Выбрать главу

— Именно. Значит, что-то её постоянно возвращает к жизни. Значит, я не убил её до конца.

— Это что, она тогда на местных нападёт?

— Возможно. Надо найти место её гибели. Посмотрим, пока солнце не зашло.

До заката Эскель ничего не нашёл: поле было очень большим, частью уходило в лесок.

Поужинали за пределами поля, чтобы колосья ненароком не поджечь, жаренными на костре опятами, остатками хлеба и заячьего мяса. На небе высыпали чистые звёзды, только сон не приходил: Пантея надремалась днём, а ведьмак чистил мечи и размышлял над поисками места, где погибла полуденница, и над тем, откуда она могла черпать силу.

— Эскель, а что мы должны найти?

— Кости, старый обрывок платья или фаты, обручальное кольцо… Полуденницы появляются из девушек… ну, которых убили перед свадьбой.

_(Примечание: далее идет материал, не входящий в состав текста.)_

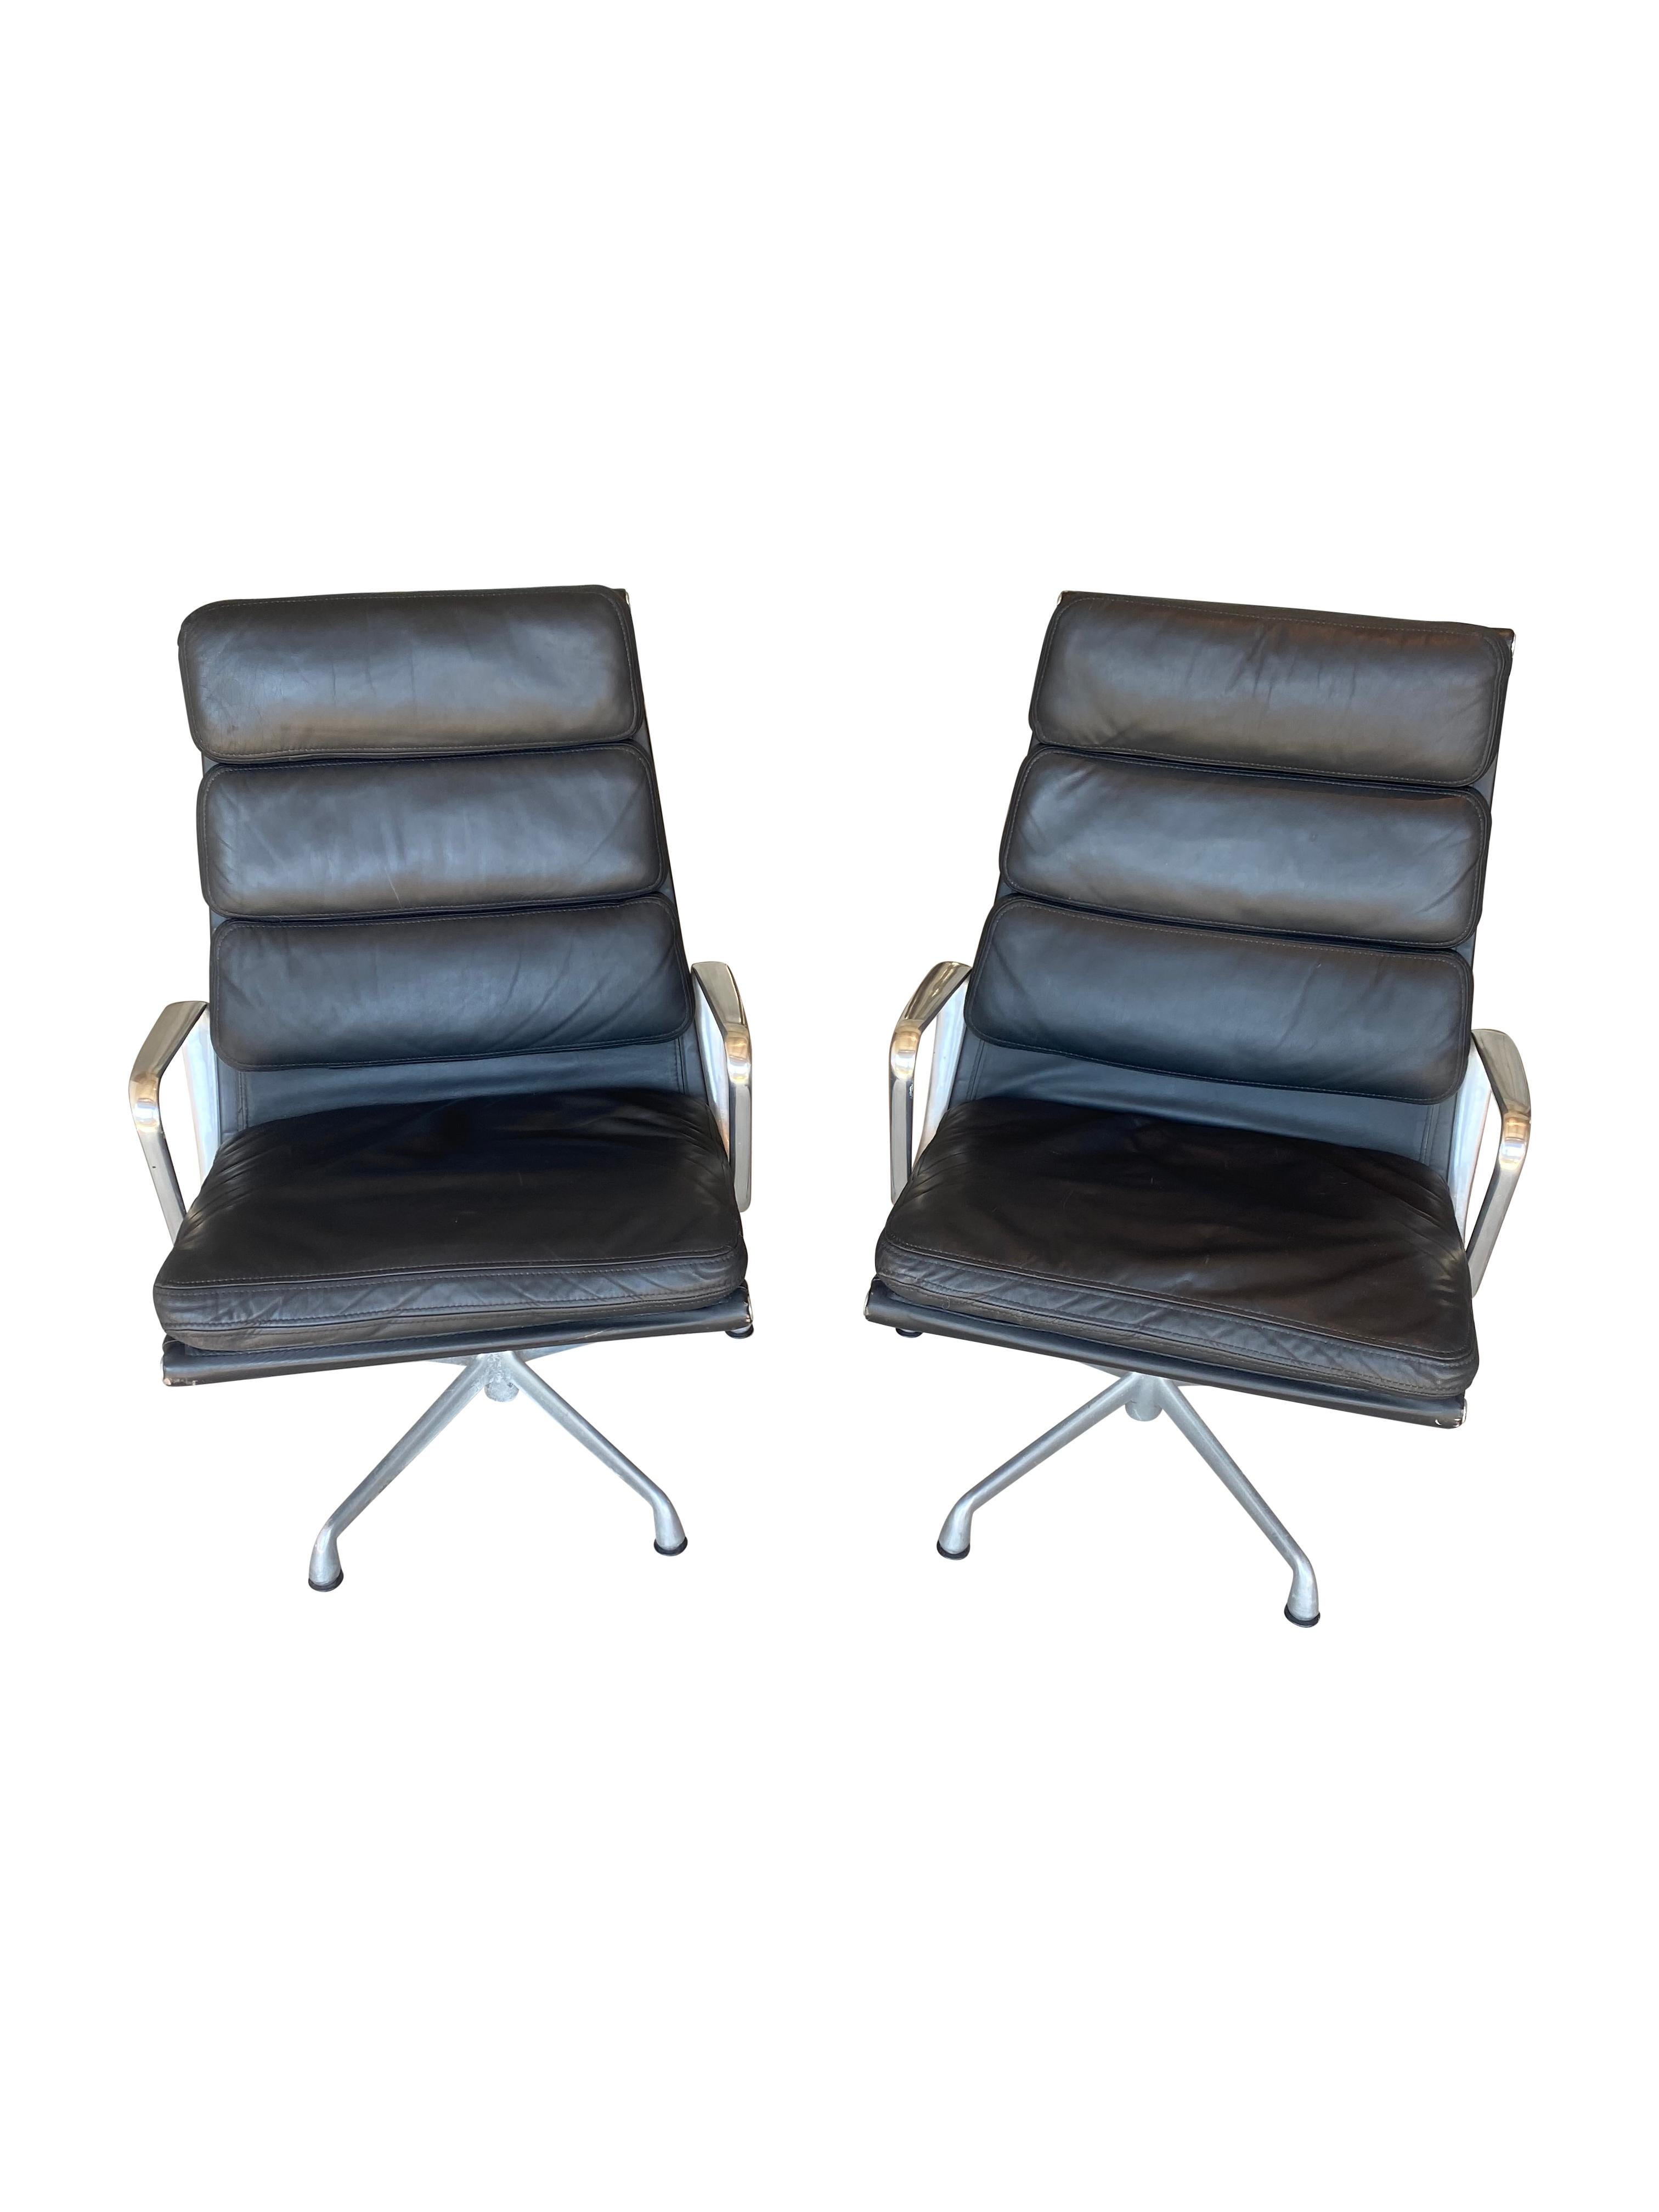 Pair of Eames soft pad aluminum group lounge chairs. Executed in polished aluminum and soft black leather. In excellent original condition. All parts present. Stamped Herman Miller into frame. Even color and condition. Bases retain all nylon foot

Глаза Пантеи увлажнились, а в голосе дрогнуло негодование:

— Это ж какой сволочью надо быть, чтобы невесту убивать!

— Эх, знала бы ты… — вздохнул Эскель, встречавшийся и не с такими зверствами. — Знала бы ты, сколько чудовищ было порождено самими людьми!

— Это как со Славомиром?

— Примерно, только чудовищем я его не назвал бы. Ты это, спи, что ли.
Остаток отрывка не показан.